There is, of course, a way to express the intended query: The correct query
|
Invalid patterns: Disjoint variable re-use
Consider another case of questionable query composition:
match
$p1 isa person; $p2 isa person;
{
$emp1 isa employment, links (employer: $company, employee: $p1);
} or {
$edu1 isa education, links (institute: $institute, attendee: $p2);
};
{
$emp2 isa employment, links (employer: $company, employee: $p2);
} or {
$edu2 isa education, links (institute: $institute, attendee: $p2);
};
Ideally, this would be a query to find two persons $p1
and $p2
who
were either employed by the same company, or attended the same institute.

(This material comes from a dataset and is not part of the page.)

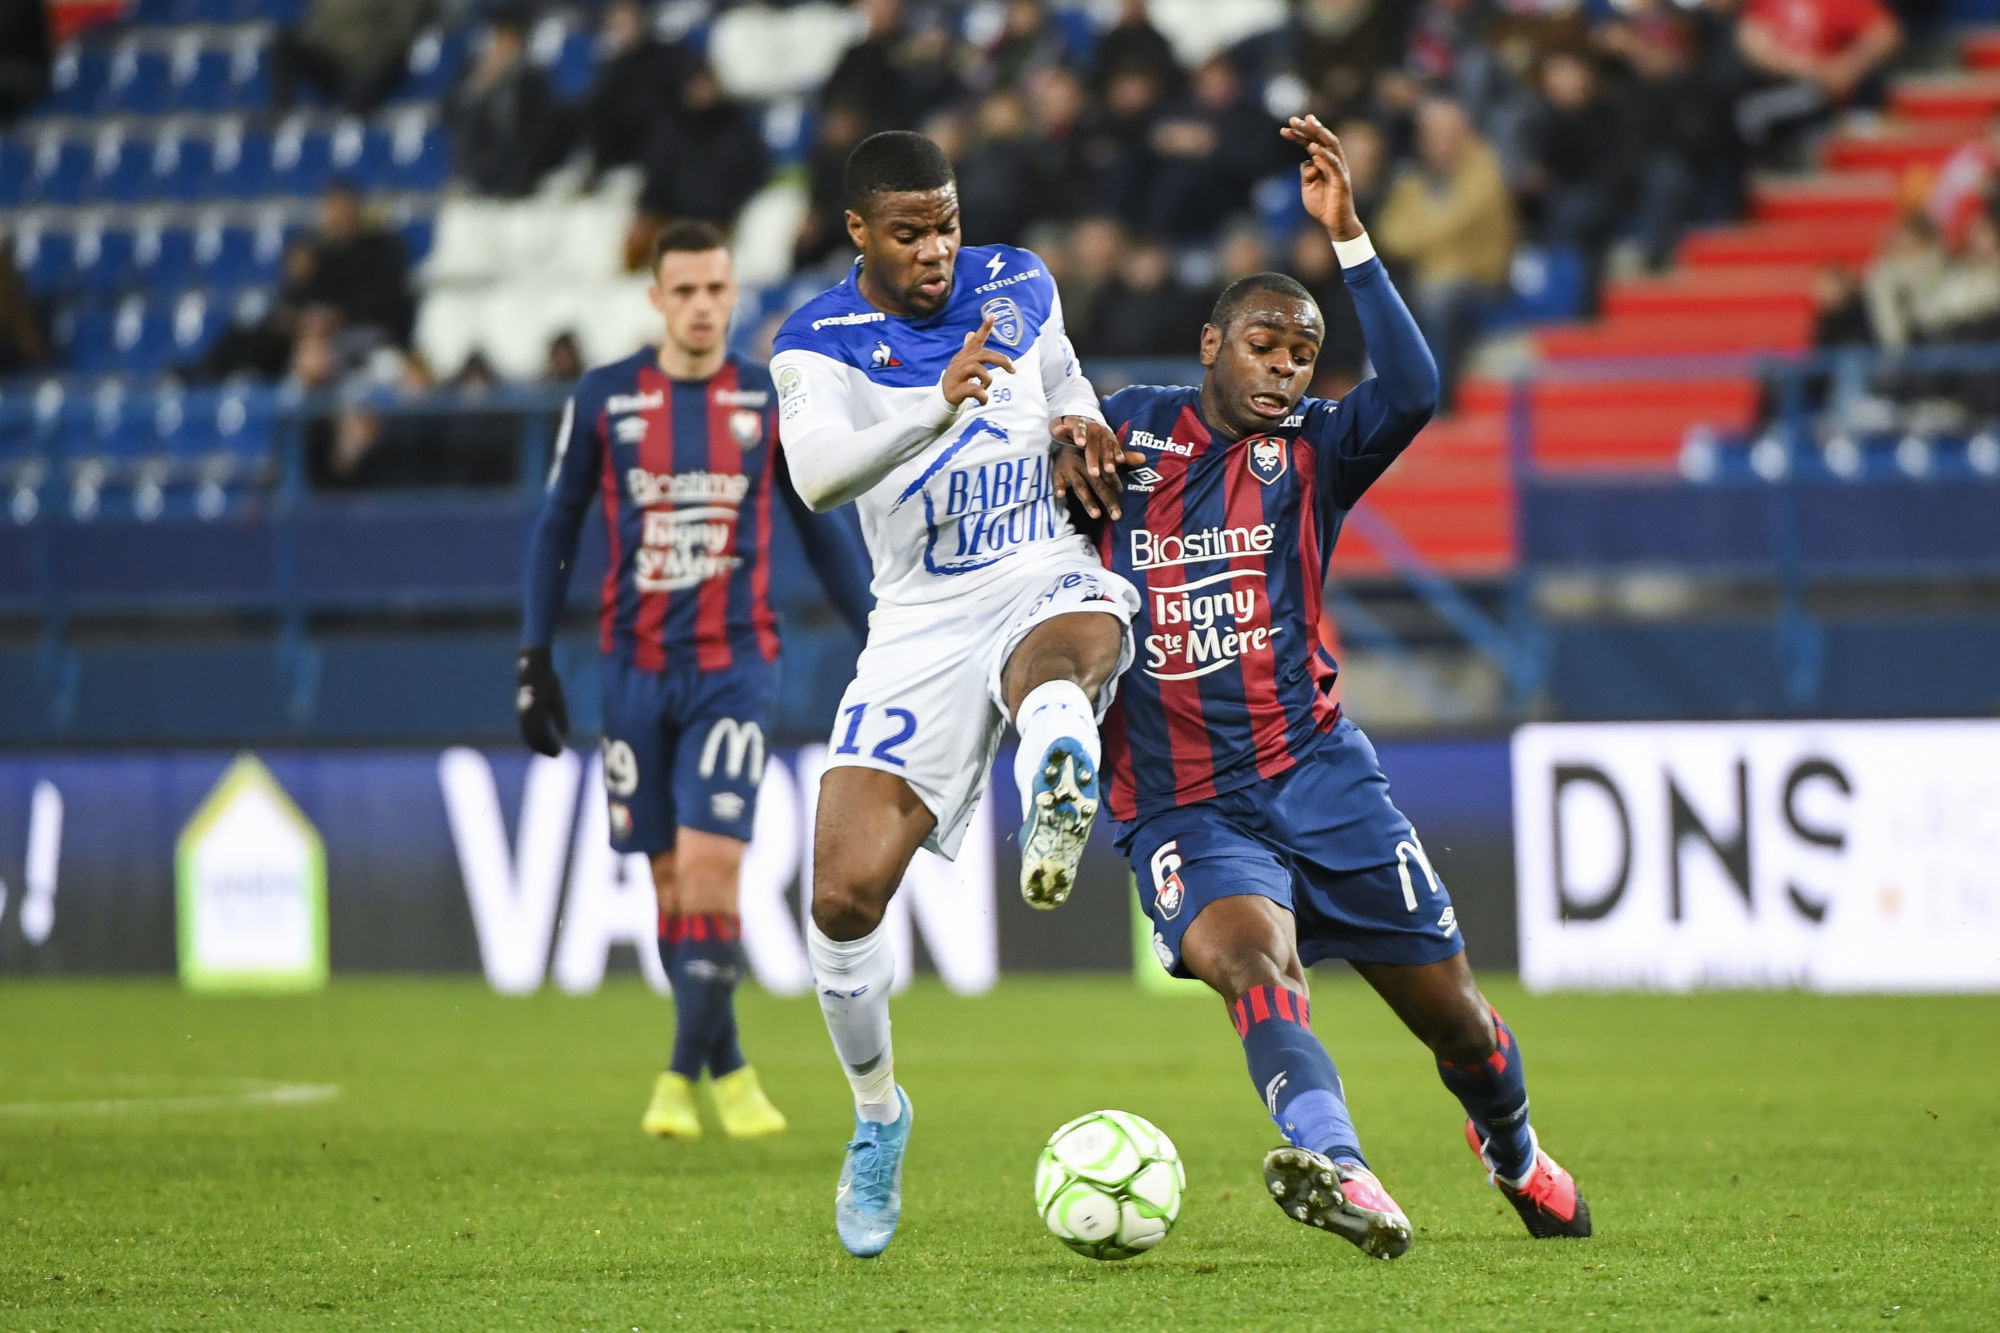 Warren TCHIMBEMBE of Troyes and Prince ONIANGUE of Caen during the Ligue 2 match between Caen and Troyes at Stade Michel D'Ornano on February 14, 2020 in Caen, France. (Photo by Aude Alcover/Icon Sport) - Stade Michel d'Ornano - Caen (France)
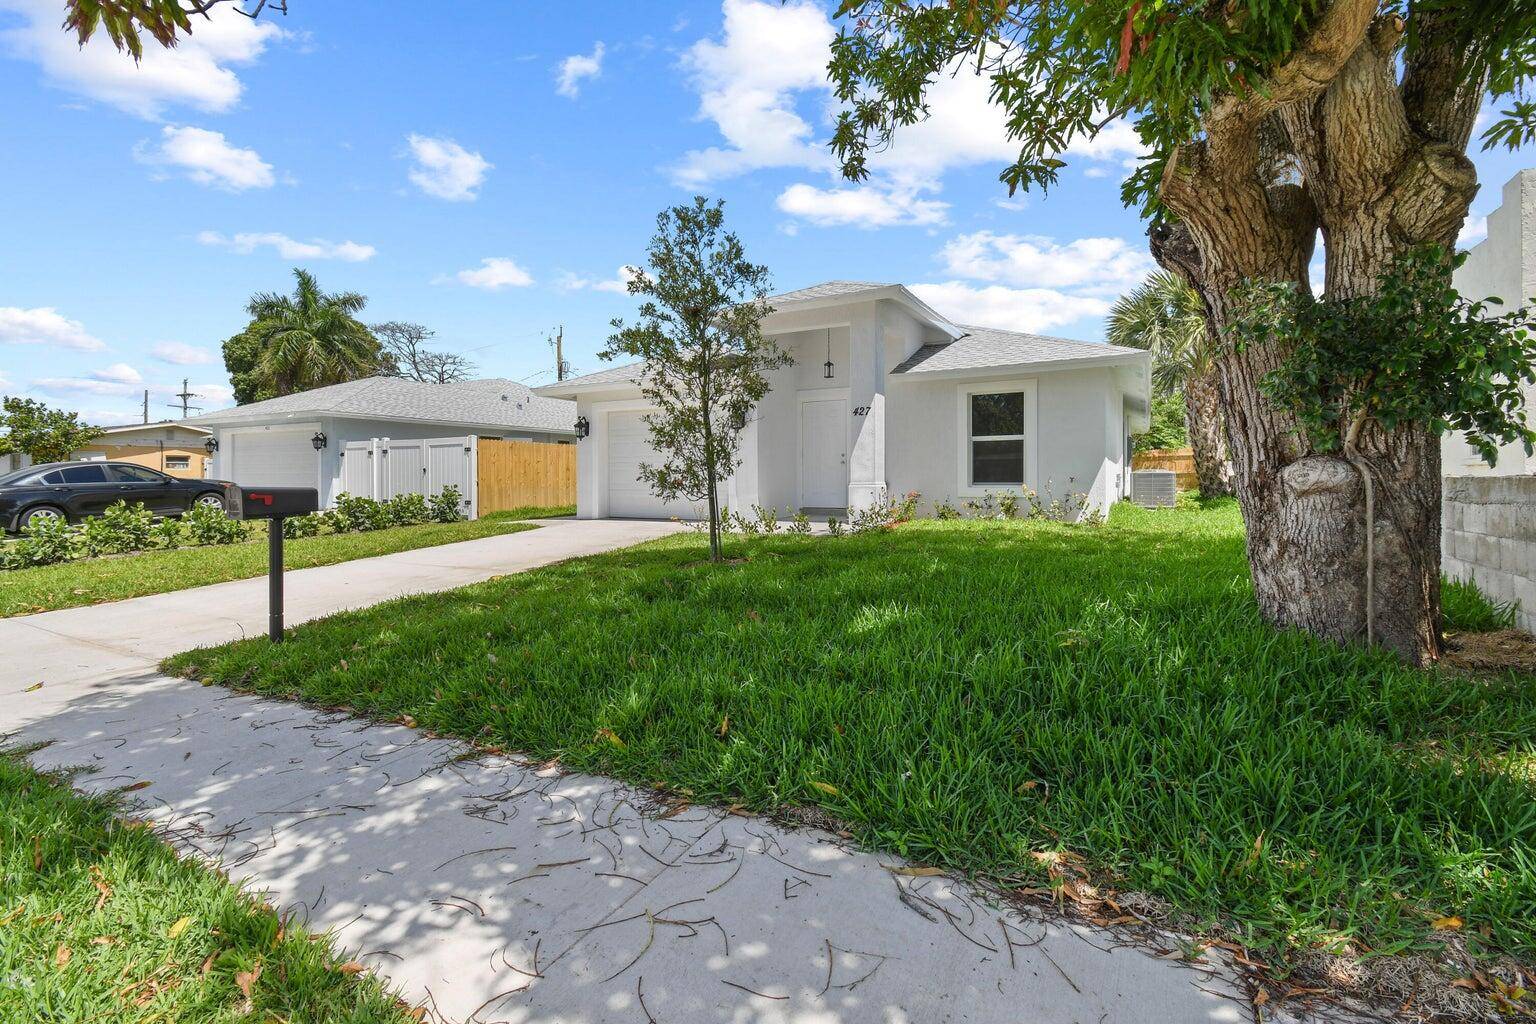 Newly built home centrally located in West Palm Beach.

The DNF quickly reveals the mistake:
match
{
$p1 isa person; $p2 isa person;
$emp1 isa employment, links (employer: $company, employee: $p1);
$emp2 isa employment, links (employer: $company, employee: $p2);
} or {
$p1 isa person; $p2 isa person;
$edu1 isa education, links (institute: $institute, attendee: $p2);
$emp2 isa employment, links (employer: $company, employee: $p2);
} or
{
$p1 isa person; $p2 isa person;
$emp1 isa employment, links (employer: $company, employee: $p1);
$edu2 isa education, links (institute: $institute, attendee: $p2);
} or {
$p1 isa person; $p2 isa person;
$edu1 isa education, links (institute: $institute, attendee: $p2);
$edu2 isa education, links (institute: $institute, attendee: $p2);
};
You can see the query we meant to write in two of those branches:
match
$p1 isa person; $p2 isa person;
{
$emp1 isa employment, links (employer: $company, employee: $p1);
$emp2 isa employment, links (employer: $company, employee: $p2);
} or {
$edu1 isa education, links (institute: $institute, attendee: $p2);
$edu2 isa education, links (institute: $institute, attendee: $p2);
};
The problem lies in the other two branches.
match
{
$p1 isa person; $p2 isa person;
$emp1 isa employment, links (employer: $company, employee: $p1);
$edu2 isa education, links (institute: $institute, attendee: $p2);
} or {
$p1 isa person; $p2 isa person;
$edu1 isa education, links (institute: $institute, attendee: $p2);
$emp2 isa employment, links (employer: $company, employee: $p2);
};
This will return any persons $p1
& $p2
when
either (1) $p1
is employed by any and $p2
attended any institute;
or (2) $p2
is employed by any company and $p1
attended any institute.
Notice $company
is "local" to both the first and second disjunctions (The same is the case for $institute
).
TypeQL throws a "disjoint variable re-use" error for such cases.
The select statement
select
is exceptional in that it will free up all variable names except those of the selected variables.
This is a workaround to the uniqueness requirement on variables names within a pipeline.